American actor and comedian (1915–2002)

Buddy Lester (born William Goldberg; January 16, 1915 – October 4, 2002) was an American actor and comedian who portrayed dozens of character roles in films and television. Although known for his appearances in Jerry Lewis’ comedy films, he was also regularly seen on popular television shows (such as The New Phil Silvers Show and Barney Miller) in the 1960s and 1970s. As a comedian, he was a fixture on the international nightclub circuit for several decades and was the younger brother of comedian Jerry Lester.

==Life and career==
Lester was born January 16, 1915, in Chicago, Illinois. He began performing in variety shows in Chicago theaters at the age of seven, with his older brother, Jerry, who later became host of Broadway Open House, the television forerunner of The Tonight Show. He claimed in interviews that an early booster was the notorious mobster Al Capone, who helped the underage entertainers get jobs in nightclubs. After serving in the Navy during World War II, Lester, already an established stand-up comedian, stage actor, and radio host, eventually began appearing in films and on TV, becoming a popular character actor. His first film role was playing himself, as a nightclub entertainer, in the 1959 movie, The Gene Krupa Story.

He regularly appeared in Jerry Lewis features, including The Patsy, The Ladies Man, The Nutty Professor, Three on a Couch, Cracking Up, Hardly Working and The Big Mouth.

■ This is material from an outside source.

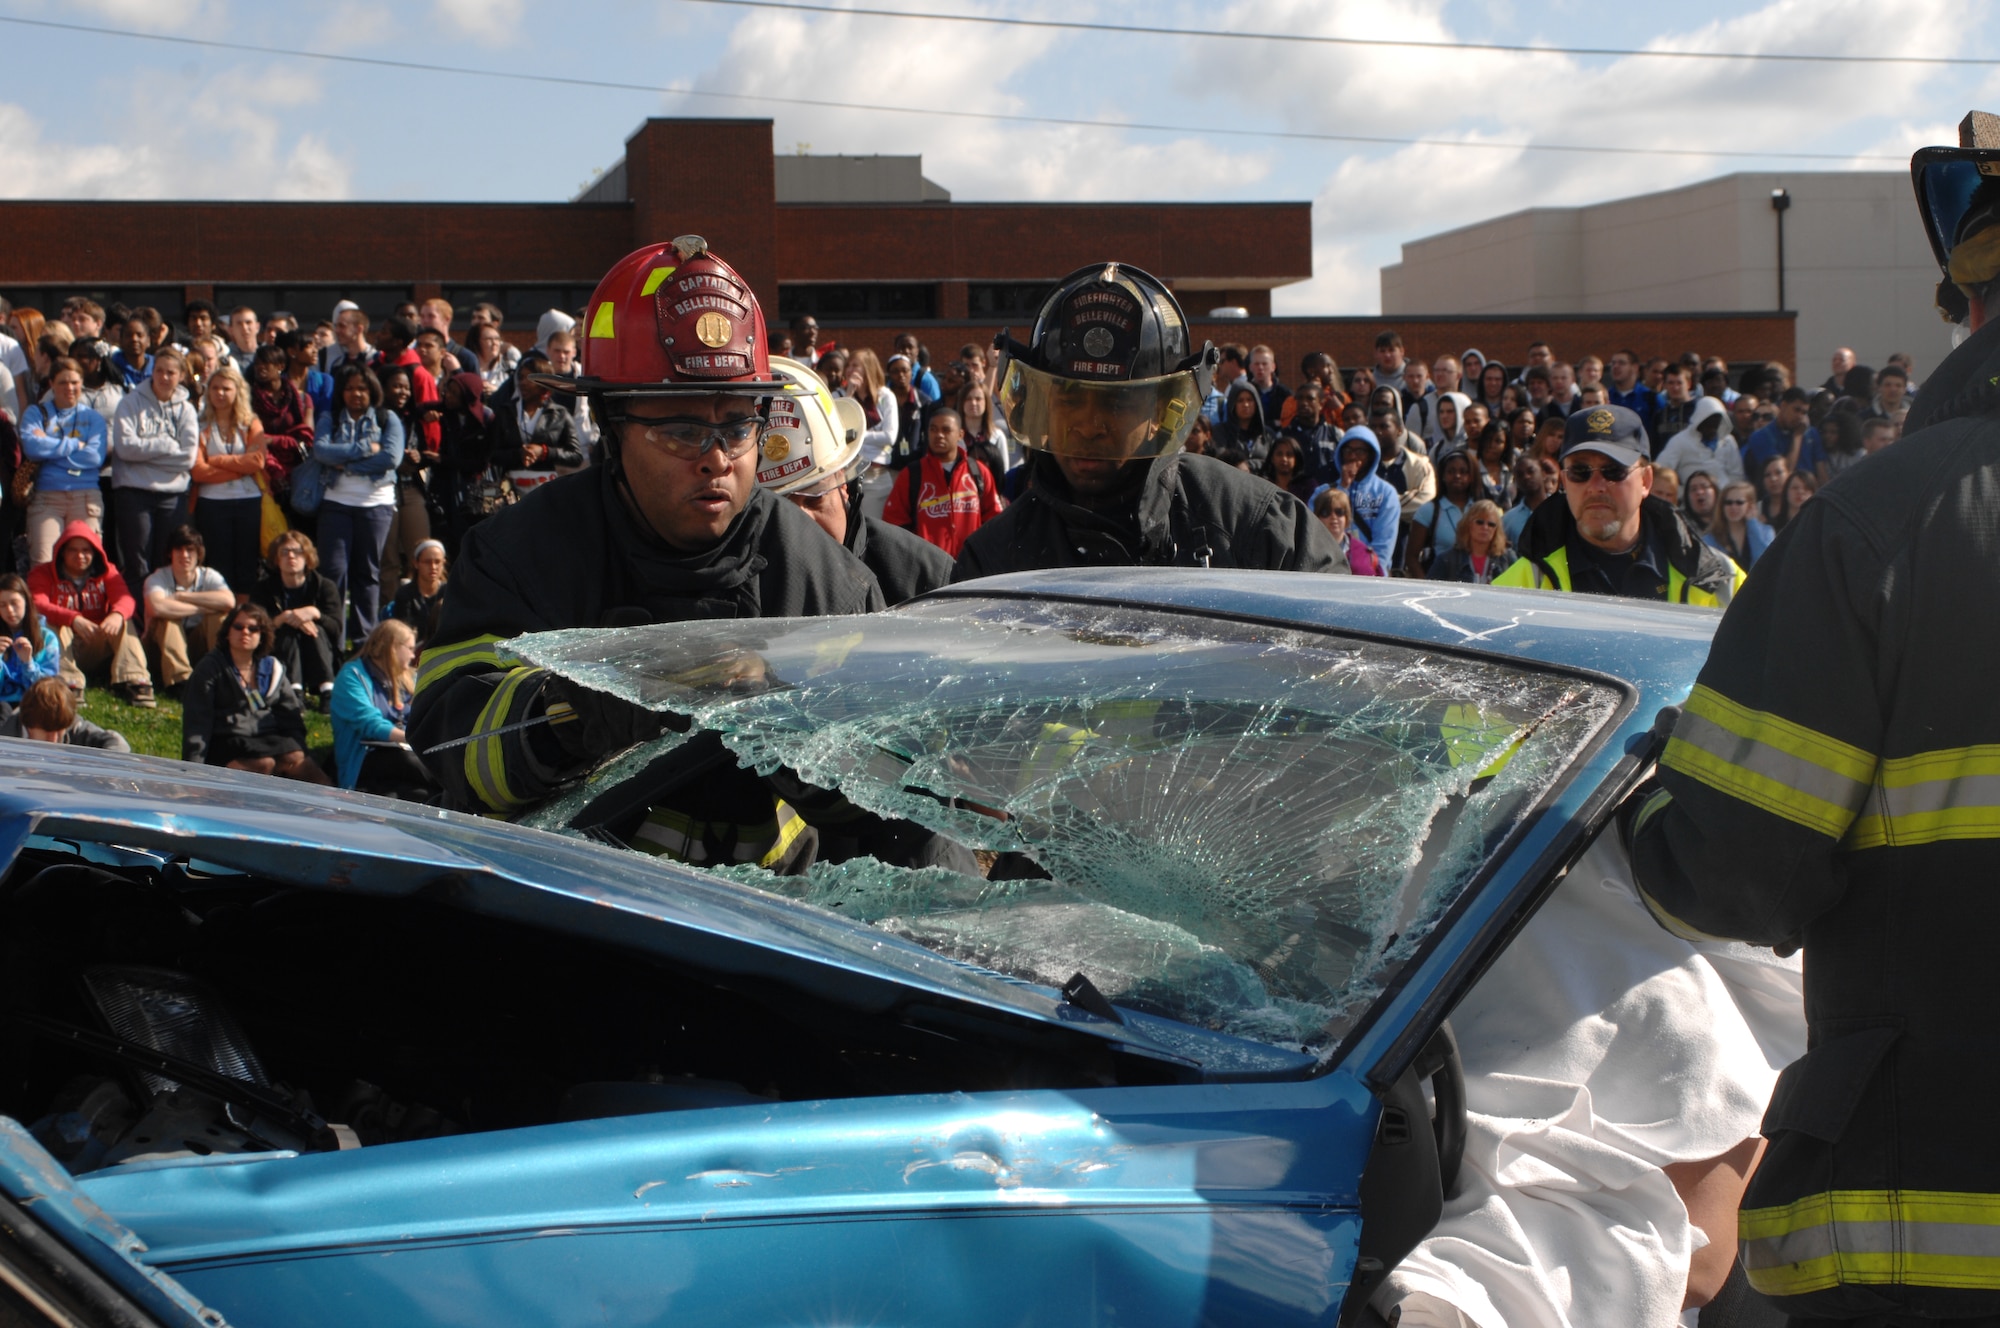 BELLEVILLE, Ill. -- Belleville Fire Department firefighters remove the glass from a vehicle involved in a simulated alcohol-related car accident before removing the top of the car to access one deceased and two critically injured victims. (U.S. Air Force Photo by Airman 1st Class Amber Kelly-Herard)

Although known mainly as a comic actor, he was also effective portraying tough underworld characters, in part because of his tall stature and a distinctive scar down his right cheek. He enjoyed concocting stories about the origin of the scar – claiming at one point to have received it in a sword duel while a student in Heidelberg, Germany – but admitted that it was actually the result of falling onto a broken drinking glass when he was three years old. Lester portrayed Vince Massler, one of the gang members in the 1960 film Ocean's 11 with Frank Sinatra, for whom he performed as opening act many times.

During the 1963–64 television season, he played "Nick" on The New Phil Silvers Show. In the third season of the show Gomer Pyle, USMC, he played Peter Evans, a crooked gambler. He guest-starred on Make Room for Daddy, where he played the part of a competitive comedian who stole some of Danny Thomas's comedy material.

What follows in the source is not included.